INFORMATION SUPPLIED -
Content starts
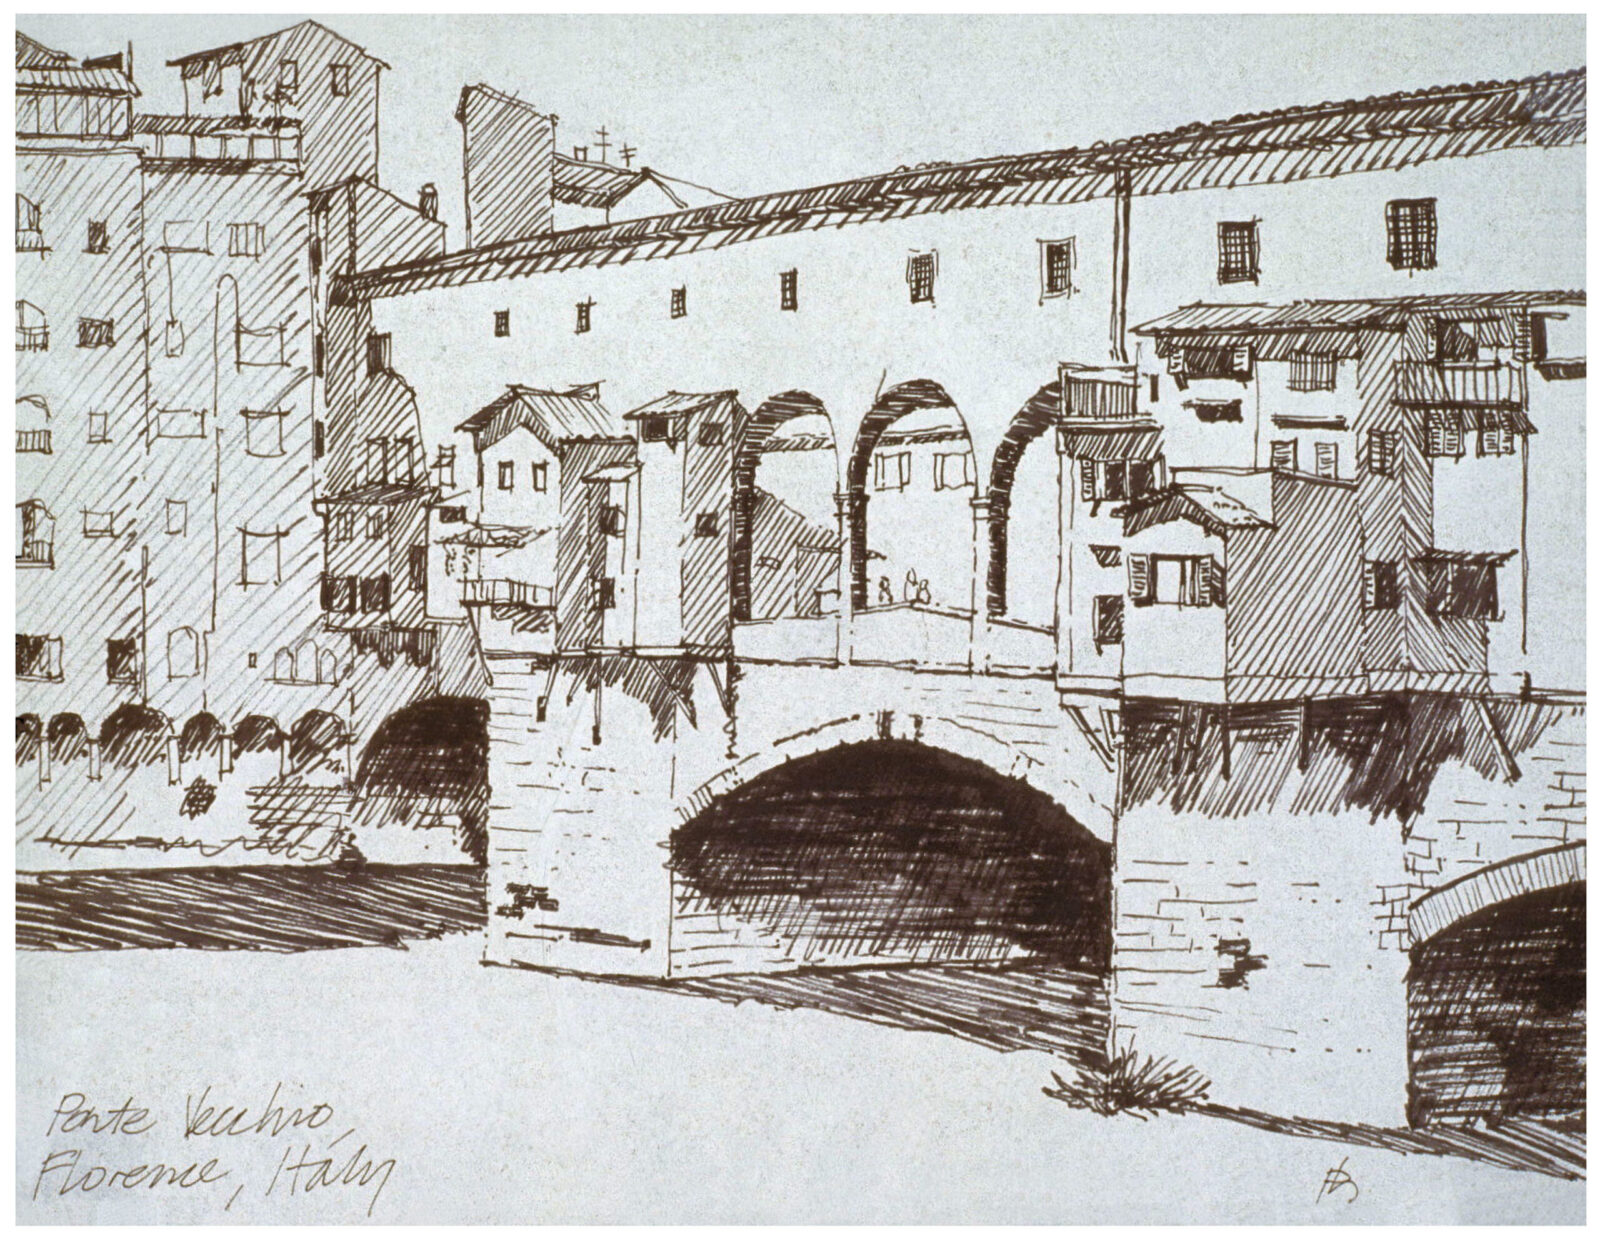 Patrick Hill's sketch of the Ponte Vecchio, Florence, Italy (1969)
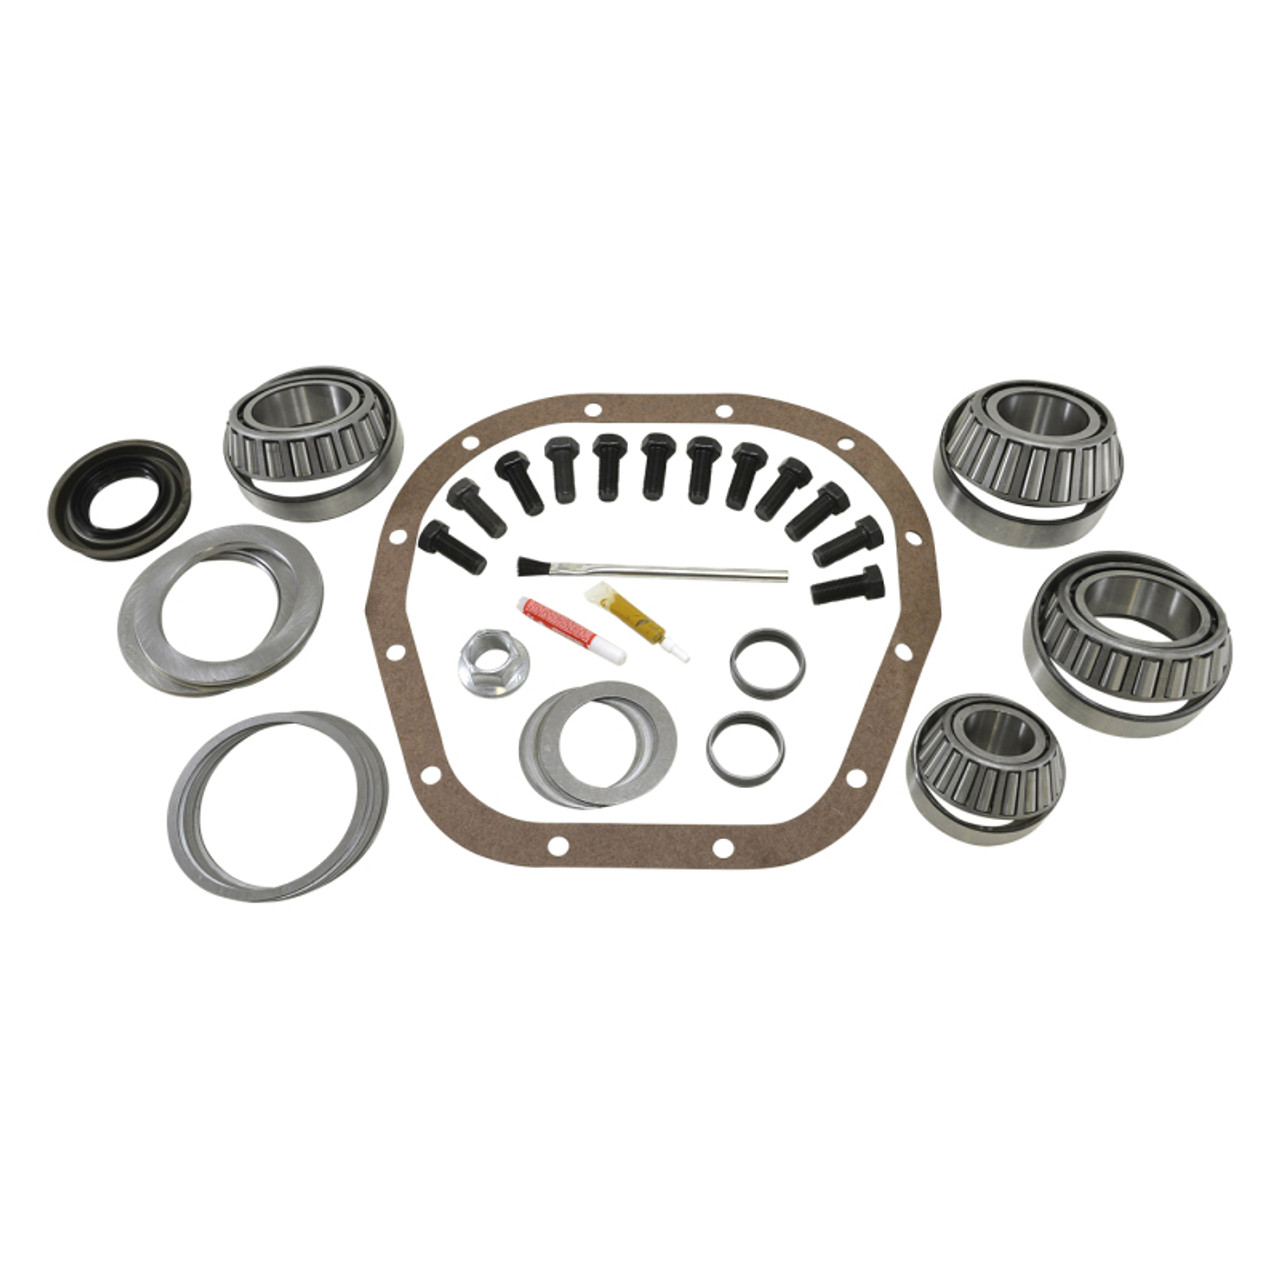 Yukon Gear Master Overhaul Kit For Ford 10.25in Diff - YK F10.25
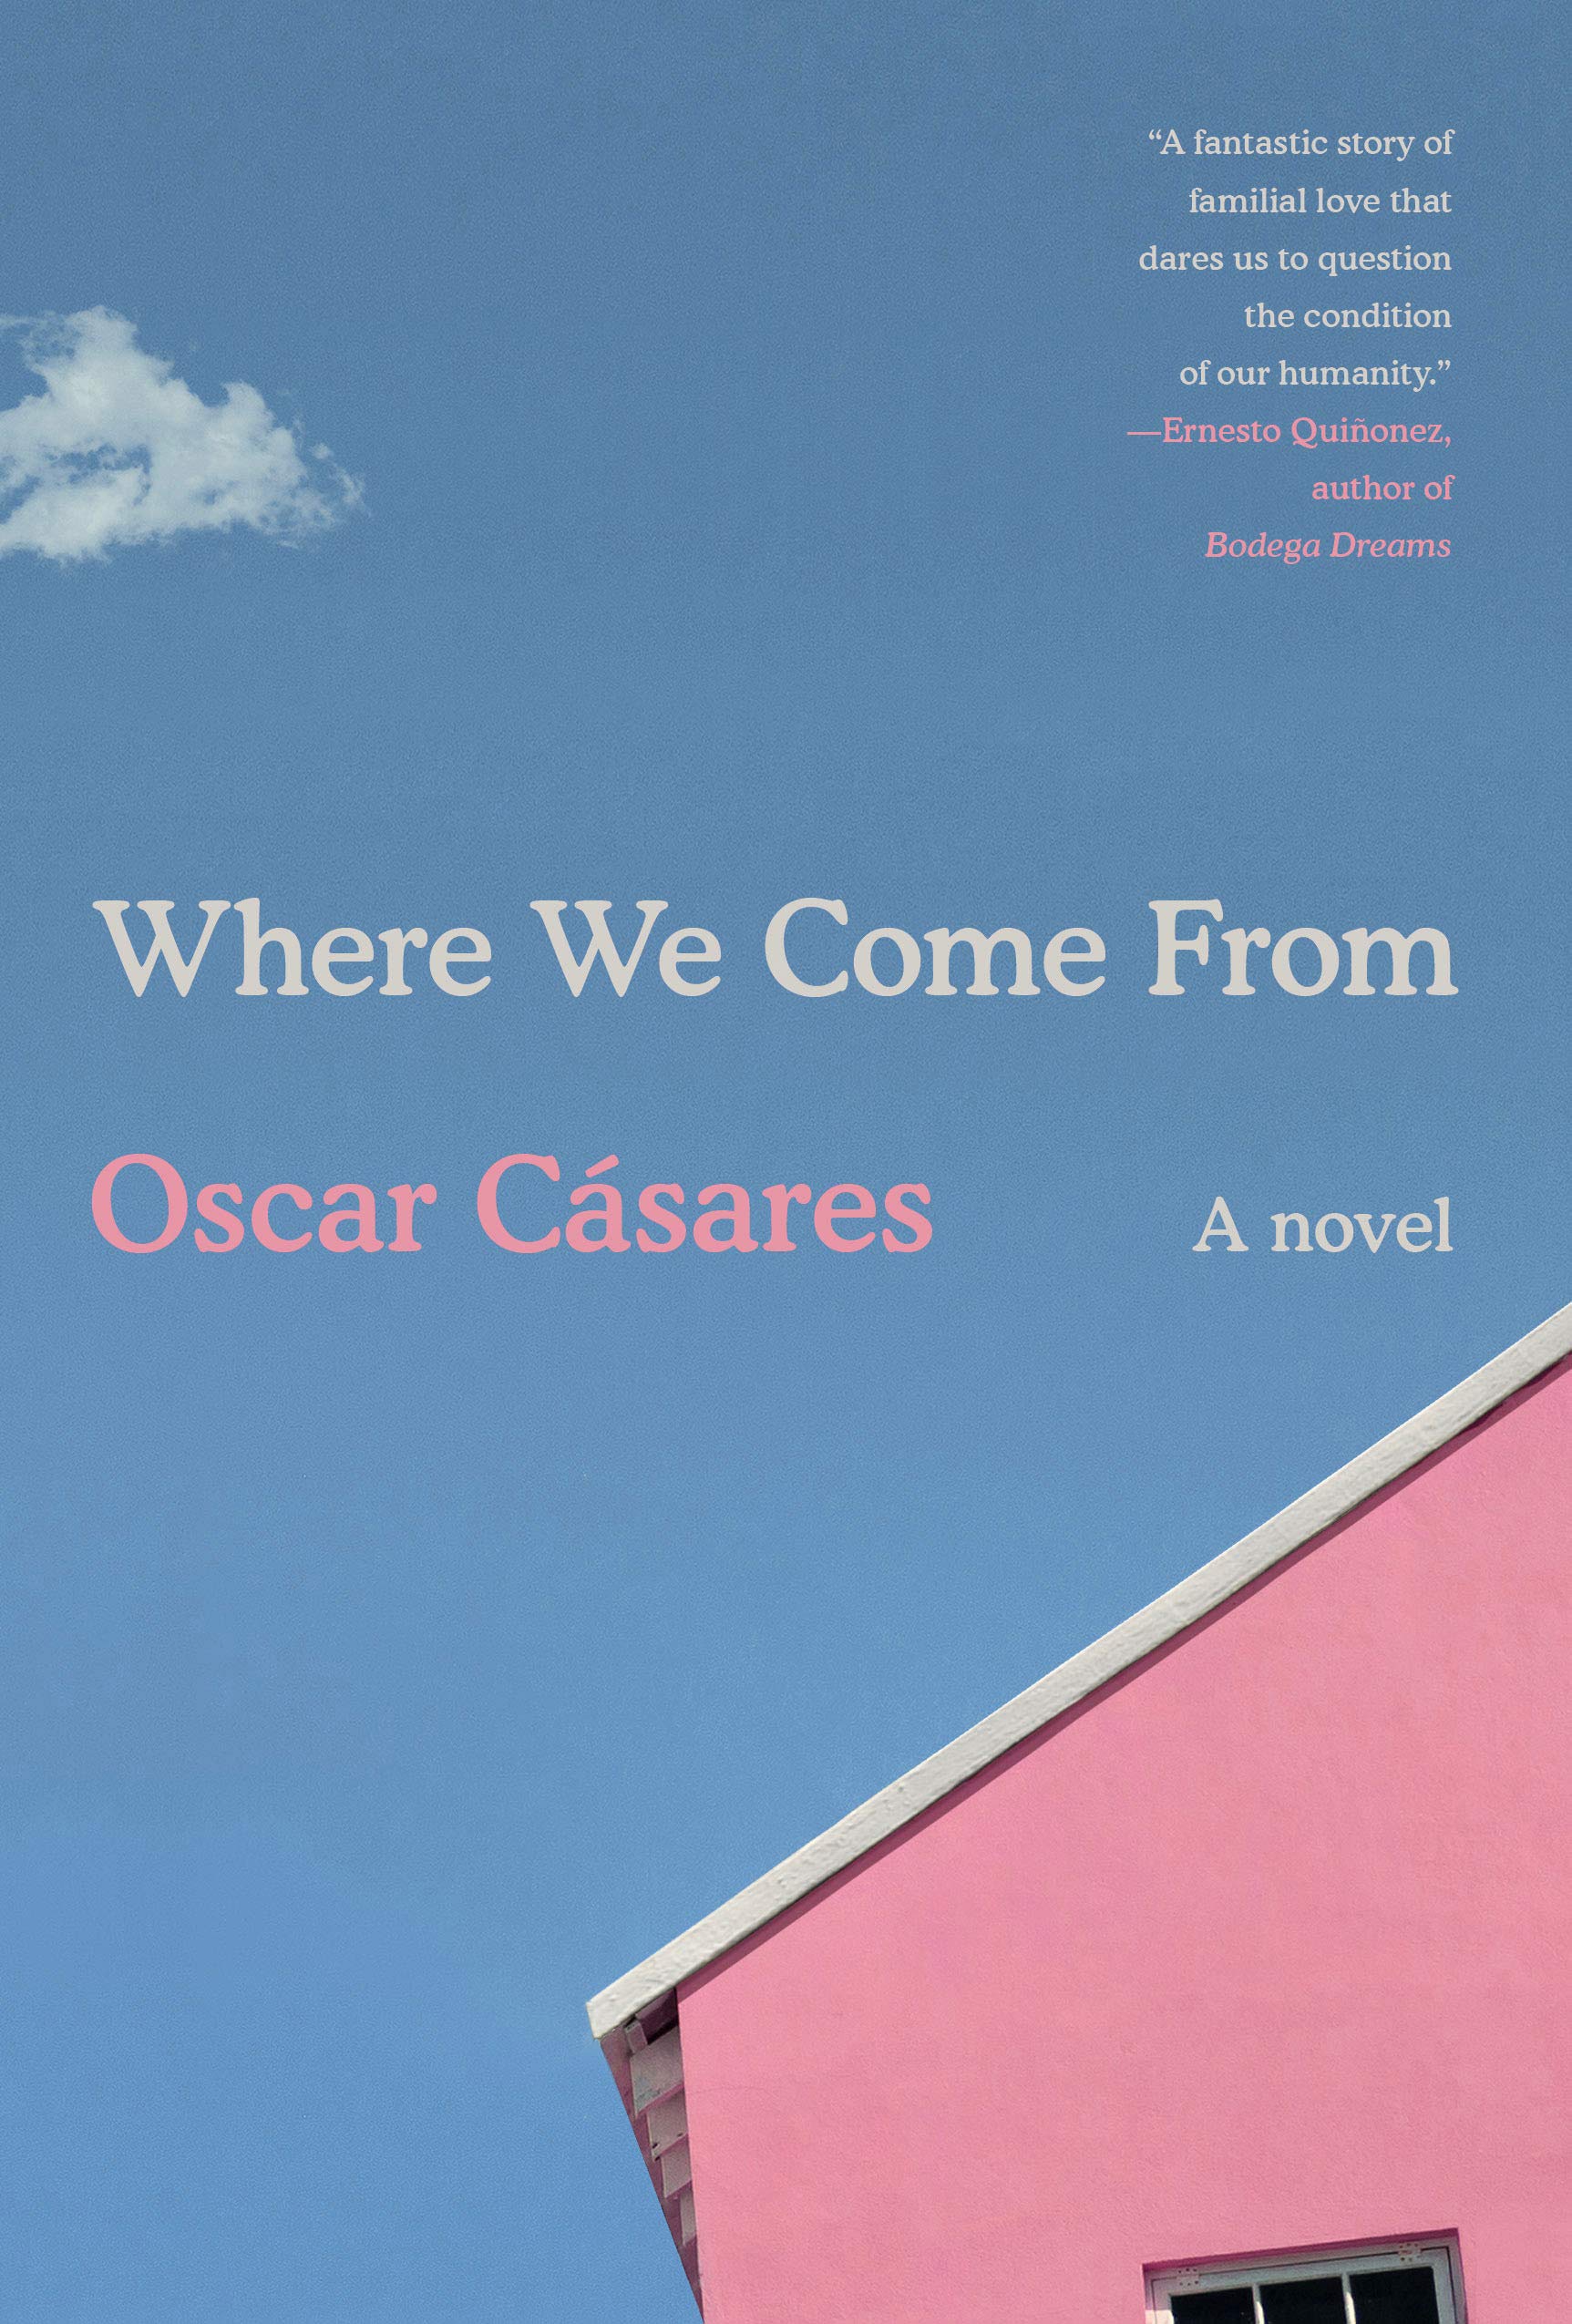 Where We Come From by Oscar Cásares image
Content ends
TRY IT - Omit the pictures and output all of the other material exactly.

RESPONSE AREA -
 Patrick Hill's sketch of the Ponte Vecchio, Florence, Italy (1969)
 Yukon Gear Master Overhaul Kit For Ford 10.25in Diff - YK F10.25
 Where We Come From by Oscar Cásares image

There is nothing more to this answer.